EIDF Phase 1: overview
Developed by EPCC, the Edinburgh International Data Facility (EIDF) will facilitate new products, services, and research by bringing together regional, national and international datasets.
Launched at the end of 2018, the Data-Driven Innovation Programme (DDI) is one of six funded within the Edinburgh & South-East Scotland City Region Deal. The DDI programme has ambitious targets to support, enhance and improve talent, research, commercial adoption and entrepreneurship across the region, through better use of data. DDI targets ten industry sectors, with interactions managed through five DDI Hubs (see below). The activities of these Hubs are underpinned by the EIDF.
EIDF will grow and mature with the DDI Programme, expanding in capacity and capability, responding to the needs of the innovation Hubs and, through them, to learners, researchers, innovators and entrepreneurs from across the region and beyond.
What is it?
You can think of the EIDF as a layer of storage and computing services presented as a private cloud and hosting a rich and growing collection of data. EIDF supports the long-term storage and curation of data assets, and their cataloguing, preparation and presentation as analytic-ready datasets for research and innovation. It offers a range of computing services, from web-based notebooks to rich desktop environments and seamless access to high-performance computing.
EIDF supports learners, researchers and innovators across the spectrum, with services from basic data download through simple learn-as-you-play-with-data notebooks to full-throated, GPU-enabled machine learning platforms for driving AI application development.
EIDF also provides safe haven services to health and government users, following best practice in independent governance and supporting the linkage of complex personal data for public benefit research and policy-making under national and regional safeguards. Safe haven services can also be created for organisations wishing to host and govern access to their data assets in a highly secure environment. Safe havens are isolated from the rest of EIDF, with user approvals, data ingress and egress and permitted software all controlled by information governance bodies independent of the infrastructure itself.
Are we nearly there yet?
For this year and next, EIDF Phase I is all about development and co-design. Working with a number of key stakeholders and early adopters we are putting together the core elements of EIDF – including a new home in EPCC’s Advanced Computing Facility (ACF) Computer Room 4, due for completion in June 2020. This is a high-resilience, state-of-the-art facility with enhanced power and network connectivity to provide the long-term durability needed for a data archive.

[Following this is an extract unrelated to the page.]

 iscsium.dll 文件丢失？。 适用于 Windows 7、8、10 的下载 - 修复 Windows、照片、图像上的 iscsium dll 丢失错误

Meanwhile, the first hardware platform is in place in temporary accommodation elsewhere in the ACF. We already have 10 petabytes (PB) of new disk capacity, split 50/50 between the safe haven and non-safe haven sides of EIDF, and planned to increase to 12 PB by July 2020. We also have a small slice of the compute and service cloud in place, around 120 virtual machines plus 20 NVIDIA V100 GPUs, plus access to our Cirrus HPC service.
This initial development system is helping us shape building blocks for the future EIDF. We are laying down an architecture that will enable us to scale out storage or compute as needed, and putting together the supporting software layers for a variety of use-cases from our early adopters.
Our partners in Phase 1 include the iCAIRD digital pathology archive, the National Collection of Aerial Photography, Health Data Research UK, the Administrative Data Research Partnership, the Paracrawl Internet Archive project, Albyn Housing Society, NHS Scotland, the Scottish Government, the Edinburgh Festival Fringe, SAS, the DataLoch and Local Authorities from across the region.
But what does it do?
By Spring next year we expect the first EIDF services to come online. They will be headed by a data catalogue, a point-of-first-contact for EIDF, incorporating an open metadata repository, easy access to open data and an approvals system supporting work with, and access to, restricted data. We also expect to launch browser-based “notebook” services using Jupyter and RStudio to support data analysis using Python and R.
Around the middle of 2020 we’ll launch our virtual machine services offering fully kitted-out desktops to support different kinds of data-orientated task: data analysis machines for statistical analysis with R, Python etc; a data science flavour for machine learning and data modelling (with or without GPU capability); and a data engineering variety for data flow software builders, with Spark, Scala, Kafka etc. We’ll also be rolling out browser-based access to the Bayes Centre’s state-of-the-art SAS Viya platform.
It’s an ambitious programme. The next twelve months will be busy – and yet this is only the first step along a very exciting road for EPCC, the University and the whole region.
The DDI Hubs for Innovation
- Bayes Centre: Digital technology and space & satellite applications
- Usher Institute: Health and social care
- National Robotarium: Robotics and autonomous systems
- Easter Bush: Agricultural technology
- Edinburgh Futures Institute: A wide remit covering financial services, financial technology, creative industries, festivals and tourism, and the public sector.